Reproduce, exactly, the lines of the material below from the line containing "38 gianni-lepore-weddingday-uscita-chiesa-church-italia-lucera" through the line containing "Eva Longoria had", with both end lines included and nothing else.

→ **Supplied records**:
=== Section Start ===

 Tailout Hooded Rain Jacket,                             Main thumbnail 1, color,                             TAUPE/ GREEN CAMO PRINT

=== Section End ===
=== Section Start ===

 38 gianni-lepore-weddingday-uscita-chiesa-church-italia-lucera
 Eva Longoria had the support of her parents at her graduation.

=== Section End ===
=== Section Start ===

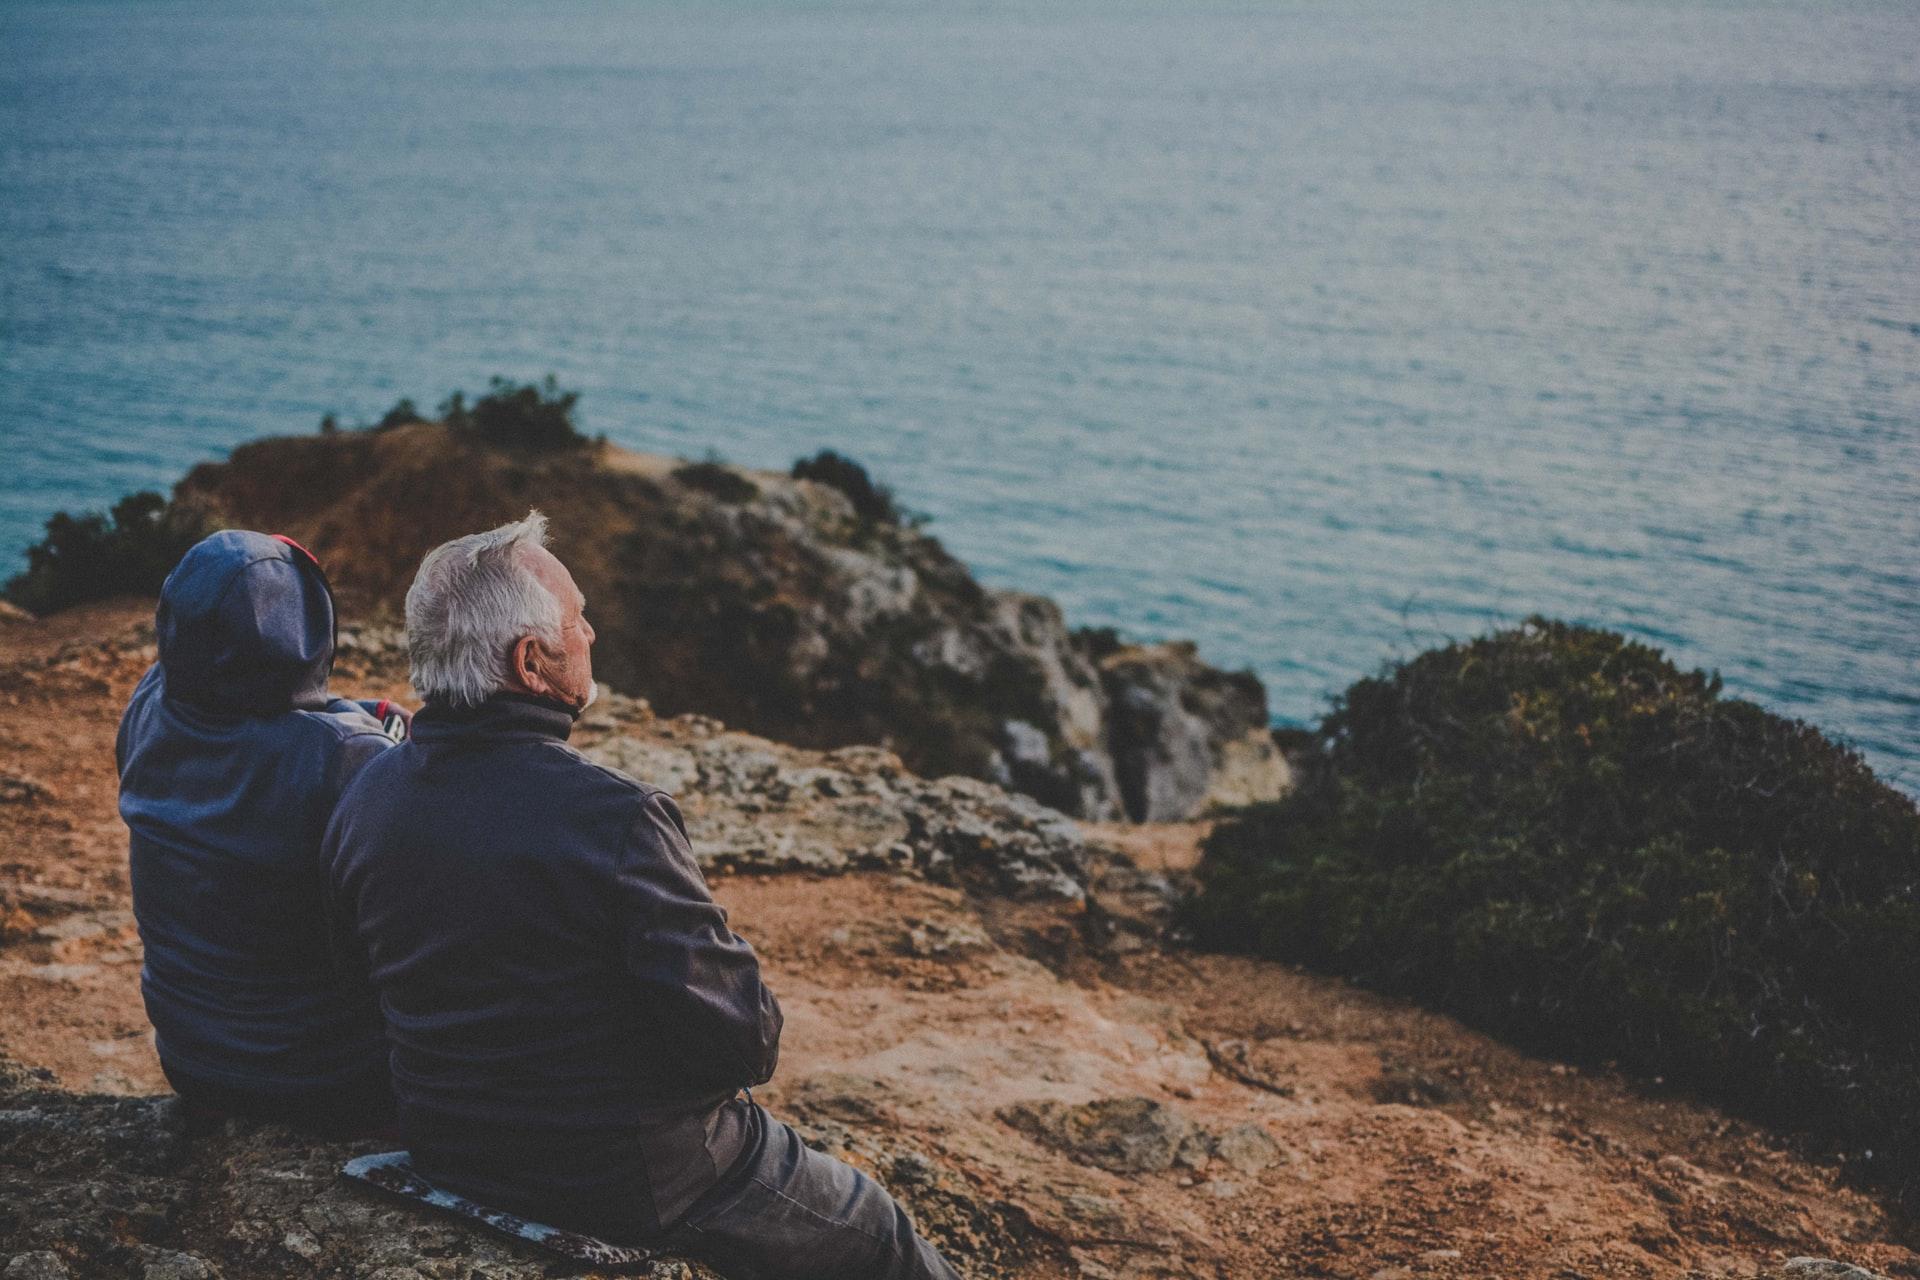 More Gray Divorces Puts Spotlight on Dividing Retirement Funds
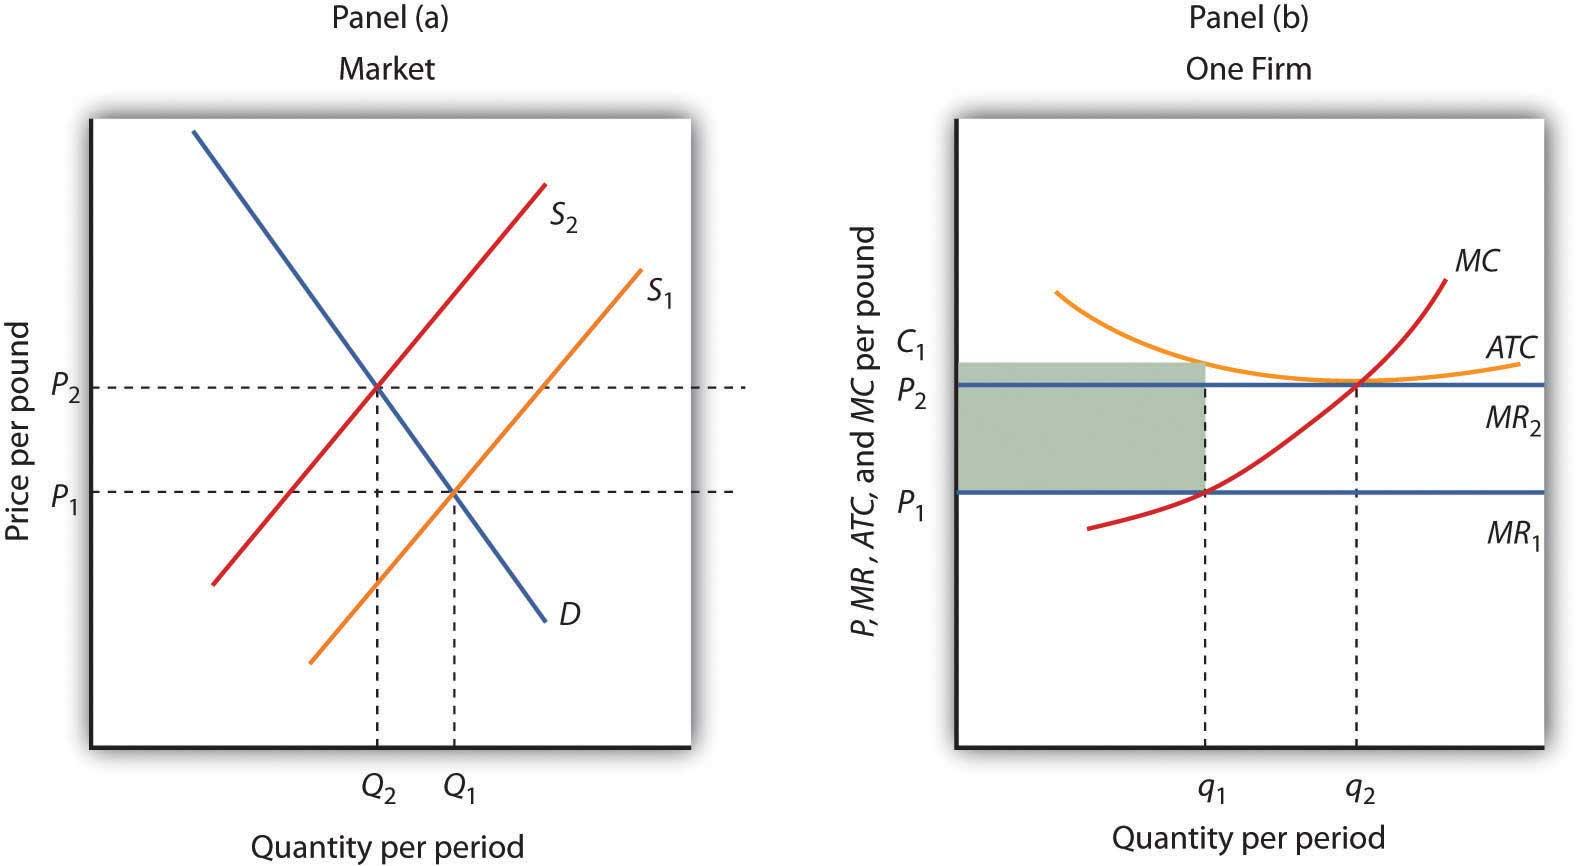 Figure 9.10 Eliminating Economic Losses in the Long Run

=== Section End ===

→ **Expected output**:
 38 gianni-lepore-weddingday-uscita-chiesa-church-italia-lucera
 Eva Longoria had the support of her parents at her graduation.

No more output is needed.